Location
- Stitch-Mi-Lane Breightmet Bolton, Greater Manchester, BL2 4HU England
- 53°35′39″N 2°23′20″W﻿ / ﻿53.59429°N 2.38887°W

Information
- Type: Academy
- Religious affiliation: Church of England
- Established: 2009
- Founder: The Bishop Fraser Trust and Manchester Diocese
- Local authority: Bolton Council
- Department for Education URN: 145314 Tables
- Ofsted: Reports
- Chair of Governors: Jason Hyde
- Headteacher: Ryan Mallett
- Gender: Mixed
- Age: 3 to 19
- Enrolment: 1,260
- Capacity: 1,400
- Website: www.boltonstcatherinesacademy.org.uk

= Bolton St Catherine's Academy =

Bolton St Catherine's Academy is a mixed Church of England all-through school. The school is located in the Breightmet area of Bolton in the English county of Greater Manchester.

The school was formed in September 2009 from the merger of Withins School and Top o'th' Brow Primary School, both community schools administered by Bolton Metropolitan Borough Council. Bolton St Catherine's Academy became part of The Bishop Fraser Trust in May 2018 alongside Canon Slade School and St James's CofE High School. It coordinates with Bolton Council for admissions.
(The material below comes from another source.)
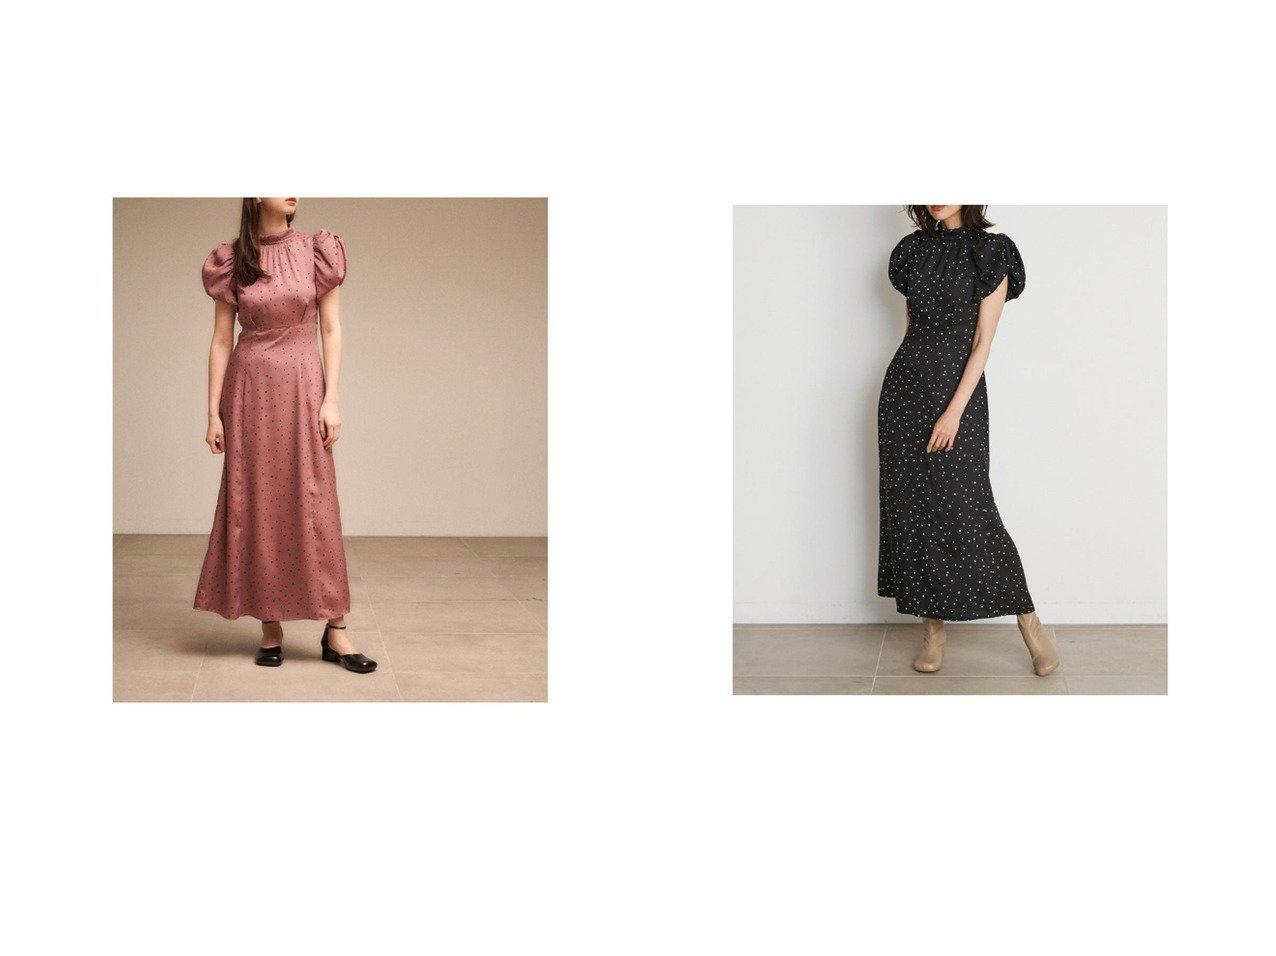 【SNIDEL/スナイデル】のSustainableギャザーパフスリワンピース 【ワンピース・ドレス】おすすめ!人気、トレンド・レディースファッションの通販 おすすめで人気の流行・トレンド、ファッションの通販商品 インテリア・家具・メンズファッション・キッズファッション・レディースファッション・服の通販 founy(ファニー) https://founy.com/ ファッション Fashion レディースファッション WOMEN ワンピース Dress ギャザー スタンド スマート スリーブ ツイル ロング A/W・秋冬 AW・Autumn/Winter・FW・Fall-Winter 2021年 2021 2021-2022秋冬・A/W AW・Autumn/Winter・FW・Fall-Winter・2021-2022  ID:crp329100000067392

The school offers Nursery, primary - double class entry per year, secondary - 160 per year, education for pupils aged 3 to 16.

In 2012 Bolton St Catherine's Academy relocated from the two former school sites to a new campus on Stitch-Mi-Lane. The new campus also houses Firwood Special School, a community special school for pupils aged 11 – 16.